Michaela stiffened slightly in her seat, and her gaze sharpened upon the JAG officer. And then hardened after a moment and she nodded. "Message received and understood. I am assuming that there are formalities to be observed that accompany those well wishes?"

"There are indeed, Captain," Briggs said, smiling tightly. "To be signed, notarized, and returned forthwith. Accompaniment by a souvenir ashtray and t-shirt optional, I believe."

Brockhurst by this point was frowning and looking between the two of them with increasing puzzlement. "I am going to assume that there is much in the way of subtext that I'm missing here."

"There is indeed, Lieutenant Colonel, sir," Moseby said, nodding. Leaning forward slightly, she patted him on the knee. "Company business. Be advised and assured that the good Captain Commandant will apprise you of the particulars when and if it should become of grave and pertinent import."

"And in the meantime," Brockhurst said, smiling a bit ruefully, "Don't worry my pretty little head about it?"

Moseby's answering smile was full of teeth and devoid of mirth. "I wouldn't have phrased it quite that way, sir, but..."

Nodding, Brockhurst said, "Just be sure to shovel some manure down after you turn out the lights, if you would please."

Michaela favored him with a wry grin that was slightly warmer than Moseby's smile. "All due respect, yata yata, sir. Rest assured that given the way that things here seem to be progressing, the need part of the knowing will present itself soon enough, and no doubt to your everlasting regret."

"Does seem to be that kind of place and situation," Brockhurst said, nodding, "Does it not?"

"All right... Now that the formalities and the info-share are done with, Captain Commandant Michaela sir," Merrill interjected, "What now? Orders? And, don't mind my asking, exactly what the hell is going on in this town?"

"I'll answer what the hell is going on here last." Michaela thought for a minute, then nodded. "All right. One) I get copies of these orders and writs to my MP groupies. And I double the guard. Two) I call Light Colonel Brockhurst's commander and formally requisition him and his whirly bird to be attached to me for the duration. Three) I have Briggsy here make contact with the Mayor's office, the Base Commander at Fort Halleck, Dr. Director Walsh, Interim Chief Stein, County Commissioner, Chairman of the City Council, the City Manager, and the Sunnydale County Sheriff, and call a meeting for tomorrow at Oh-100 to pass on the wonderful news they are gonna love so much."

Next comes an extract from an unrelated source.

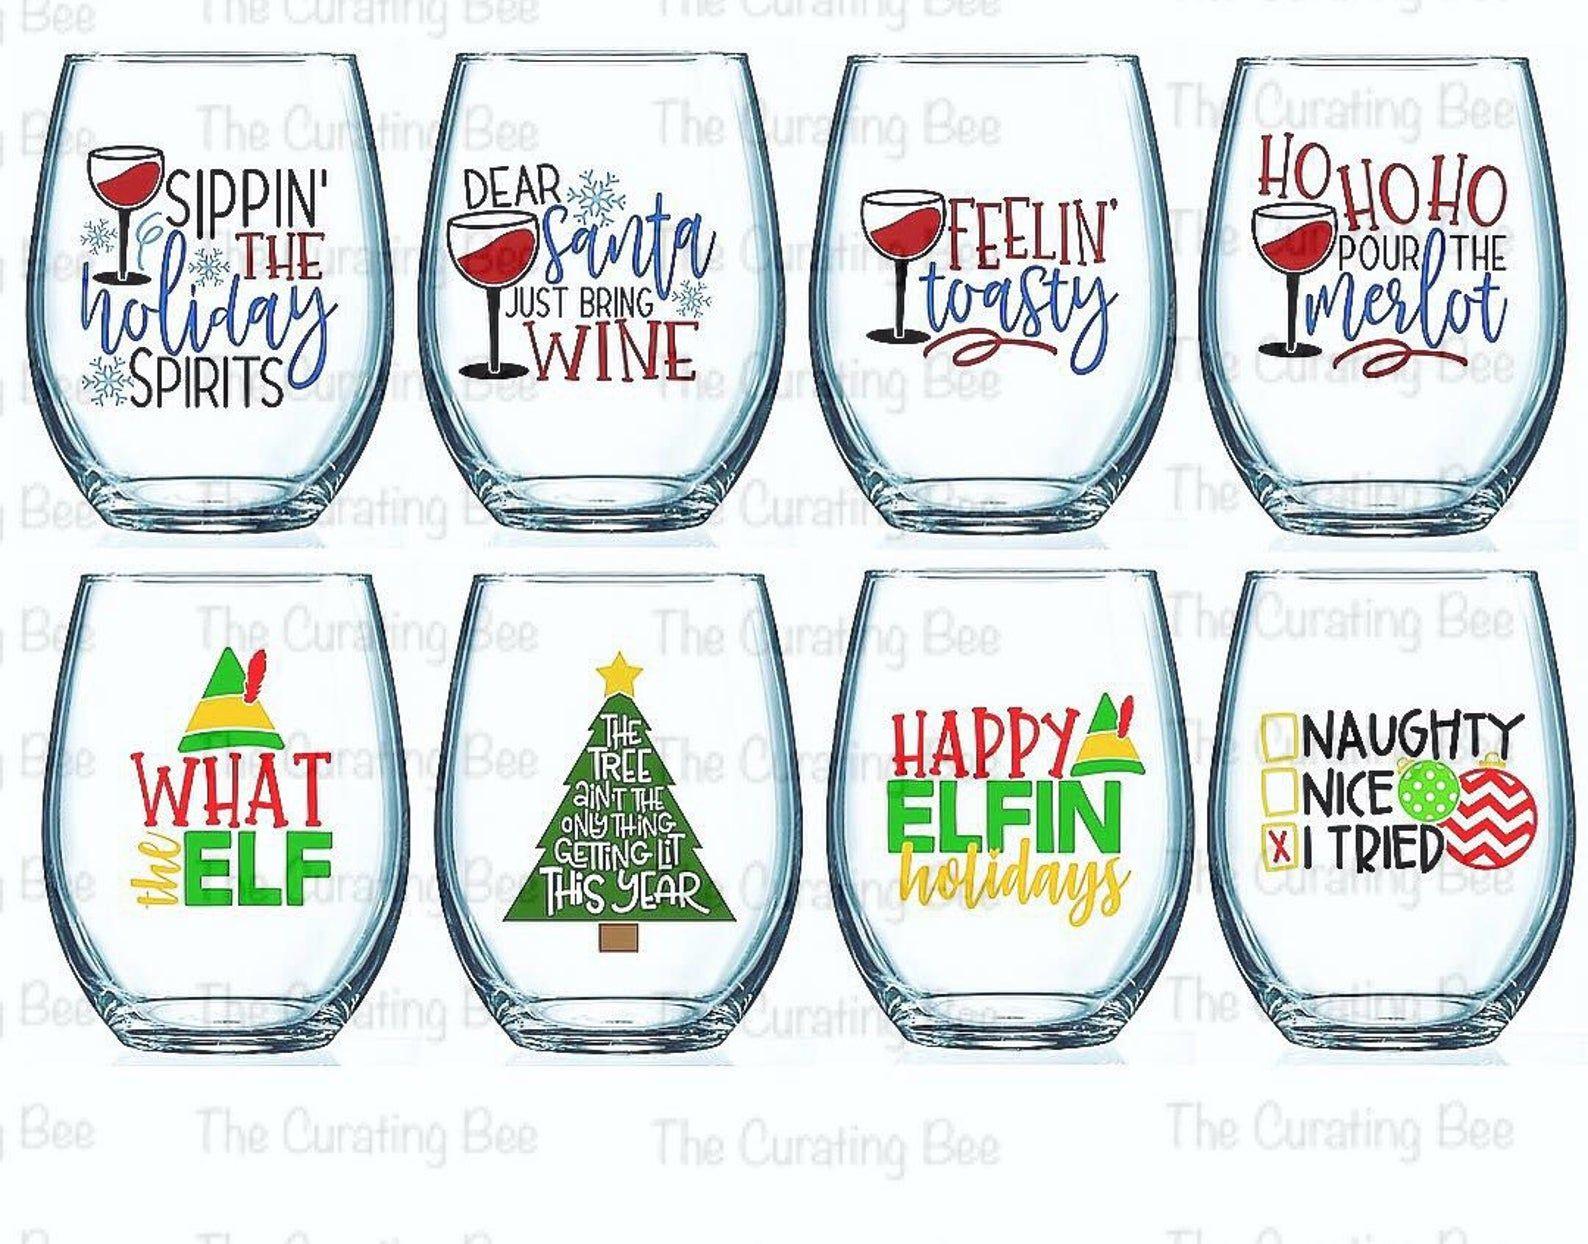 Set Of 4 Christmas Wine Glasses Christmas Wine Glasses Christmas Drinkware Christmas Barware Funny Christmas Wine Glasses Christmas Wine Glasses Christmas Wine Wine Glass Sayings

Merrill nodded. "We brought your Class As and Whites and your kit with us. The Colonel sent it along at the last minute."

"Oh, good. I was feeling near naked with nothing but a battle rifle, one sidearm, and a single knife," Michaela said. "Lost my ess-em-gee and heavy rifle when that fucker blew up my surveillance van, damned near with me in it. And my other handgun when I fell out of the downed Apache. Last fucking time I ever get all pussified about not being comfy in a surveillance van's accommodations and set my weapons kit where I can't grab and go."

"Well, in addition to a really big honking sixgun and an express rifle," Moseby said, eying Michaela's weapons in trust. "You been taking lessons from Lieutenant Barkie?"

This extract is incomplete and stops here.